Of course some books lack proper introductions and conclusions. These books suck to read. These books are chrono-monsters. They eat your time without mercy. The only way to heal the wounds they cause is by writing a critical-yet-polite email to the author:

Dear Evil Genius,
I’m interested in your ideas but I found your book inaccessible. Might you think of including more comprehensive introductions and conclusions in your future work?
Sincerely,
Some Frazzled Twenty-Year-Old
p.s.
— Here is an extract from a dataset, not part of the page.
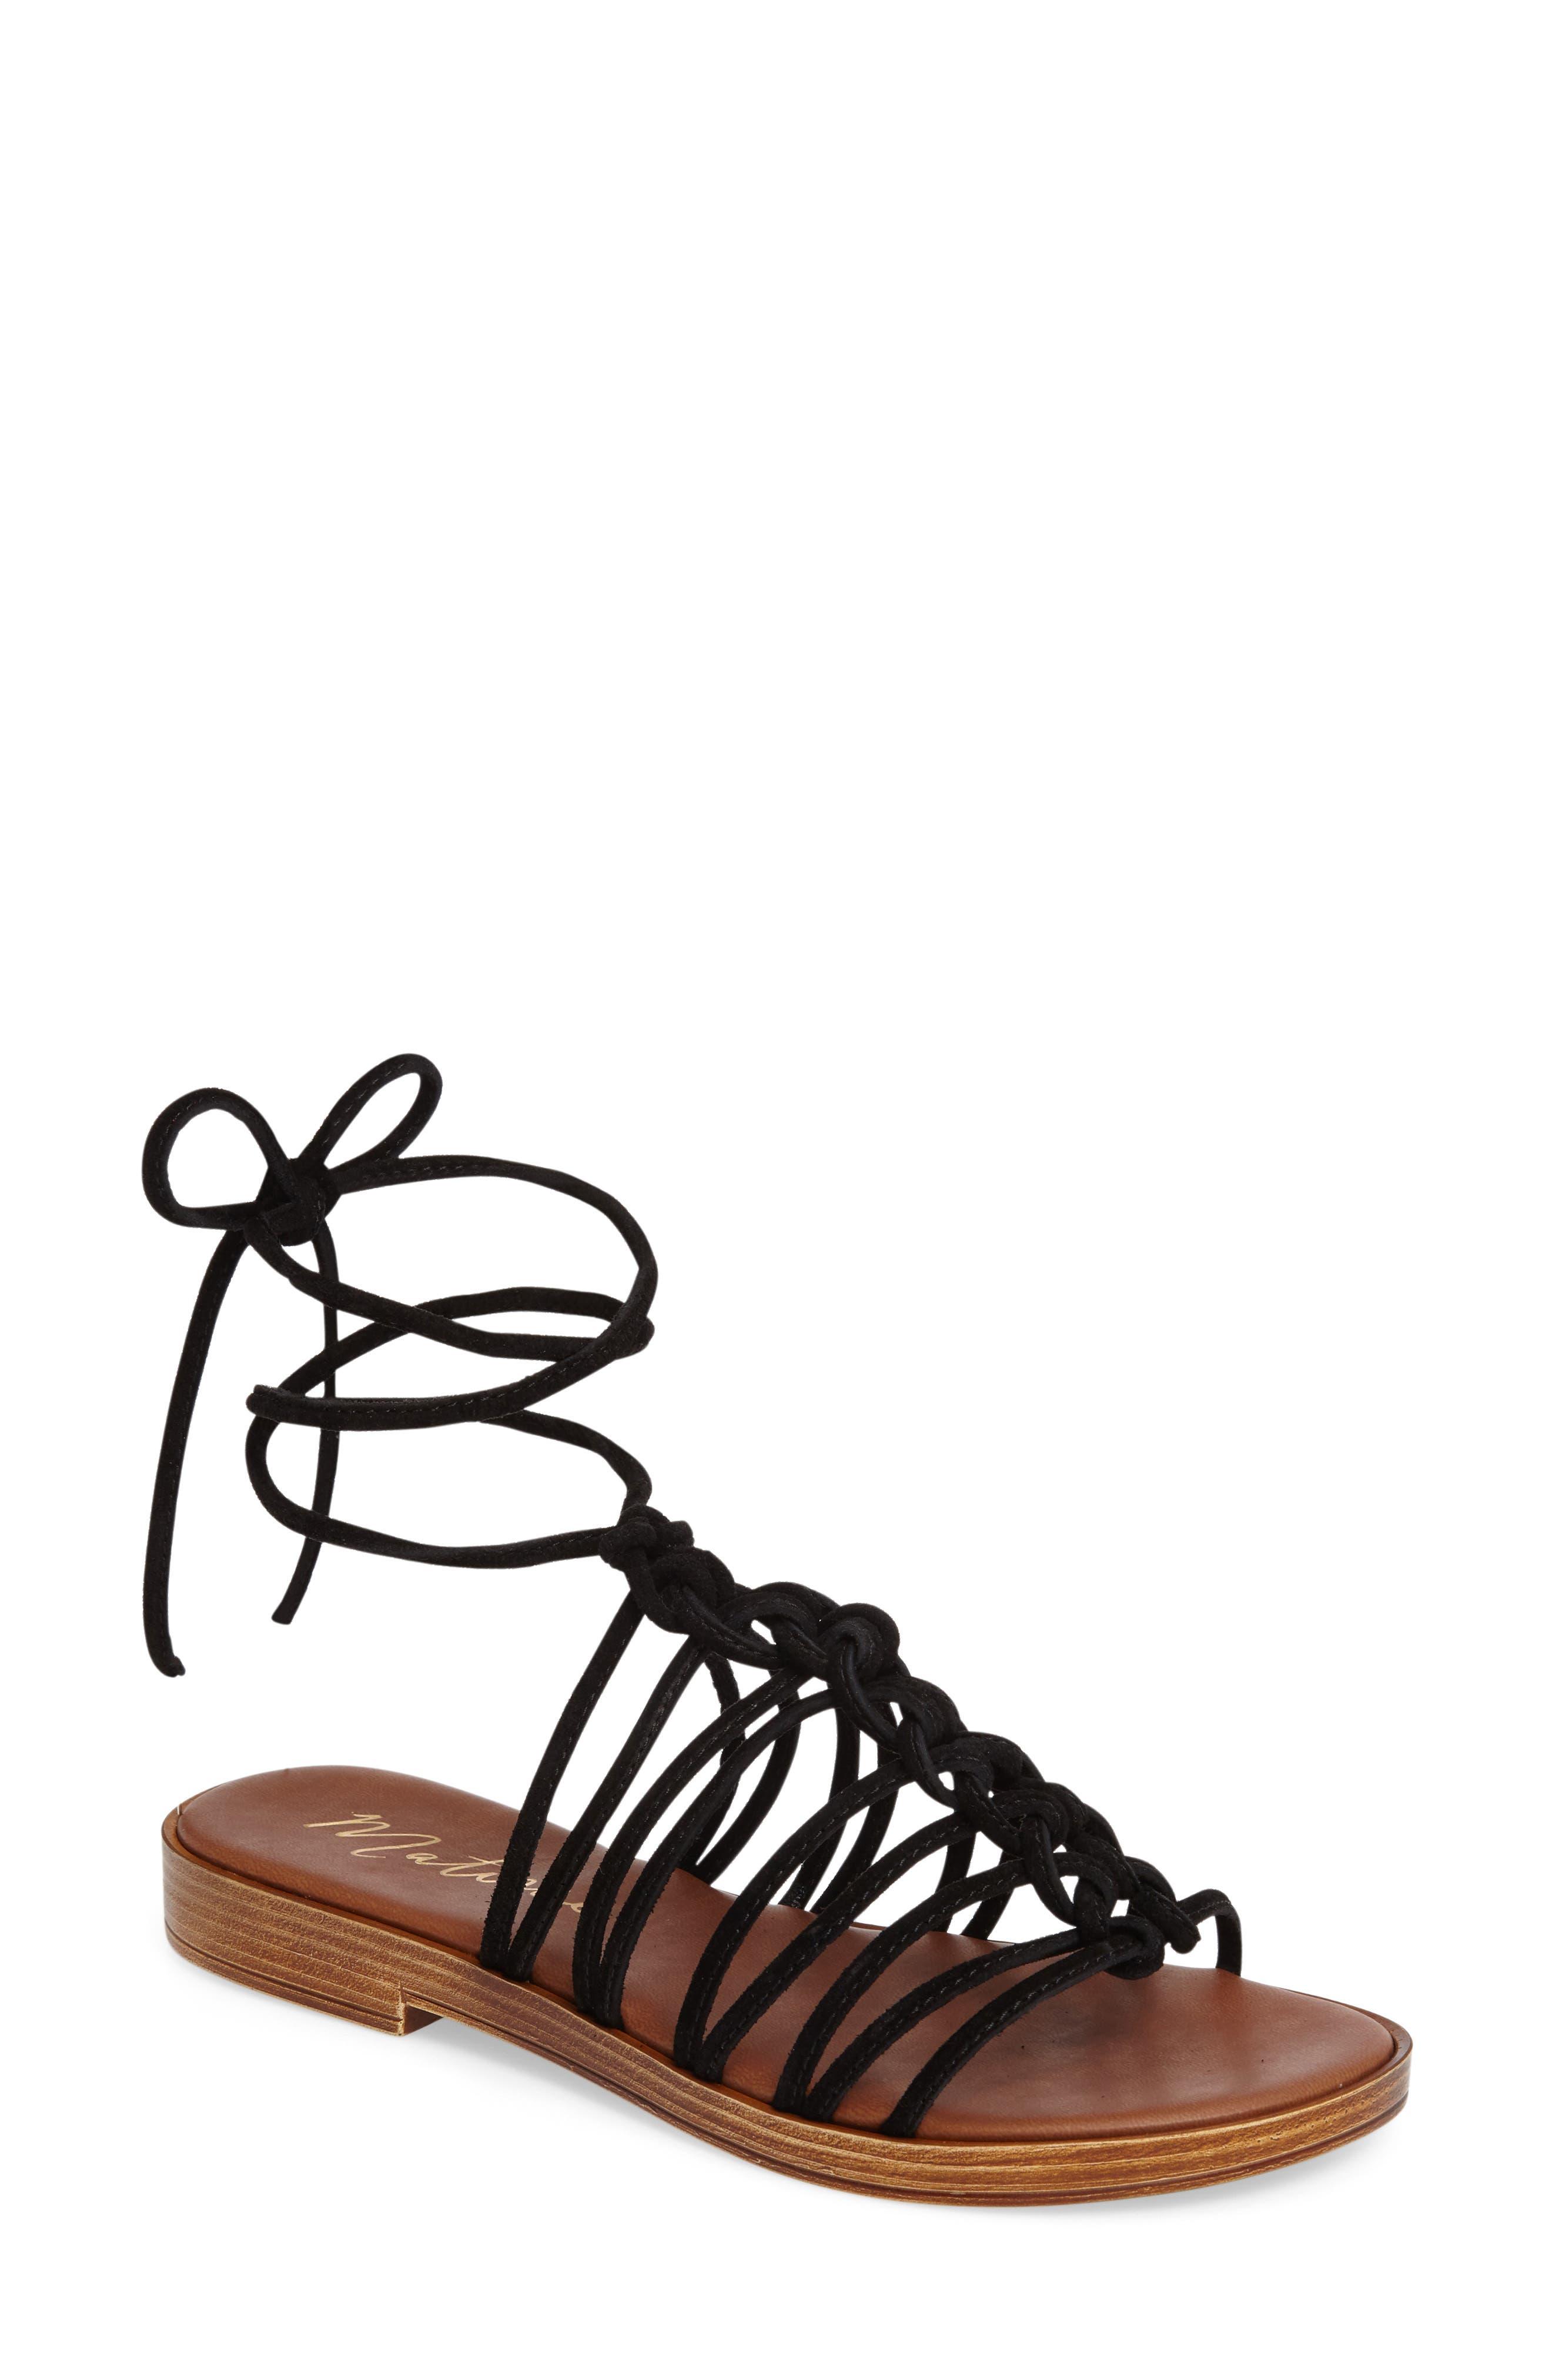 MATISSE Origin Lace-Up Sandal

You owe me four hours.

To conclude, please don’t send this post to your angry professors when they discover you didn’t read all the material. No one likes a grouch in a tweed coat.

Anyway, I’m not advocating  you skip your readings. By all means, if you have the time, read every page. But start at the edges. That way, by the time you reach the steamy jargon-jungle at the book’s heart, when details supporting the book’s thesis are assailing you left and right, you might actually know what that thesis is.
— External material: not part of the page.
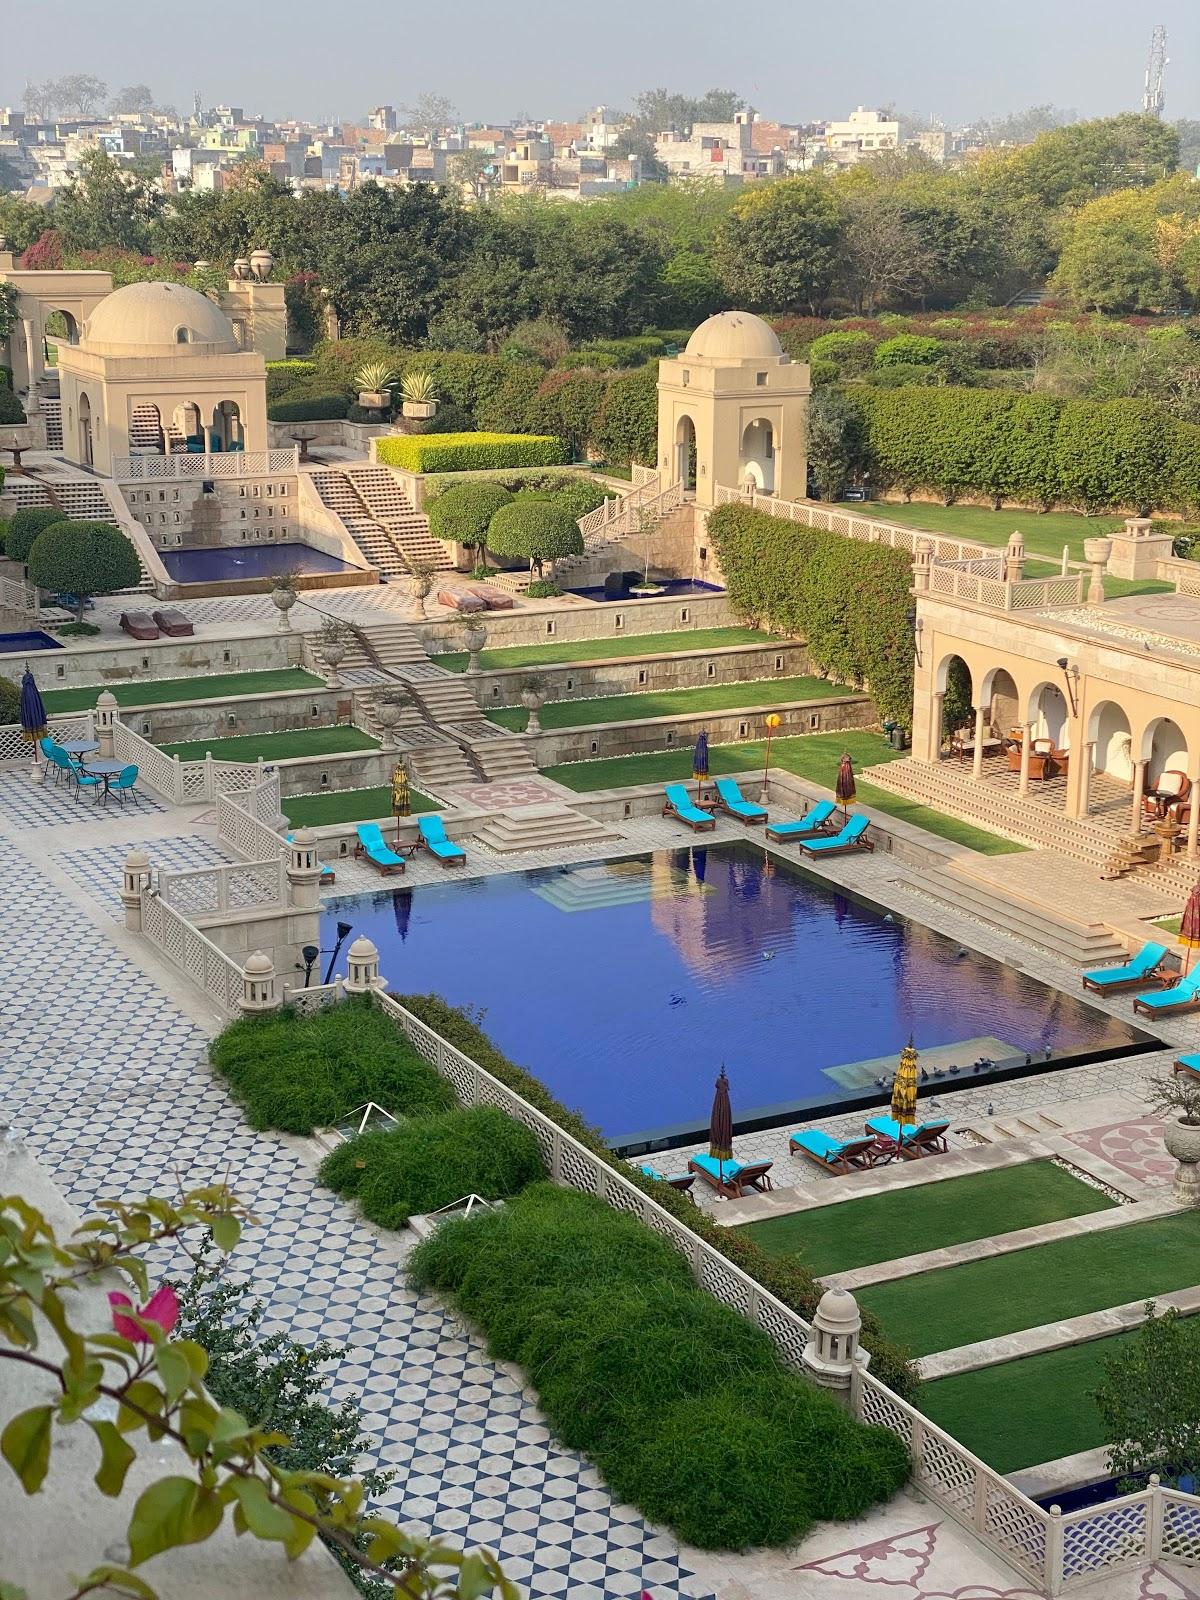 agra oberoi amarvila hotel joy street design inspiration abroad india mughalo

At the very least, instead of showing up completely unprepared because you didn’t have time to read those three seminar papers front-to-back, you’ll have skimmed the intros and conclusions while busing to class. If you do it that way, who knows? You might even get more than a simple attendance mark out of the session.

If you do execute this “pizza reading” technique, make sure to perk your ears up on the last Sunday before final grades are due, right around midnight. Somewhere your professor will be madly marking your term paper, and you just might hear a soft noise. That, dear student, is the sound of happy tears falling on tweed.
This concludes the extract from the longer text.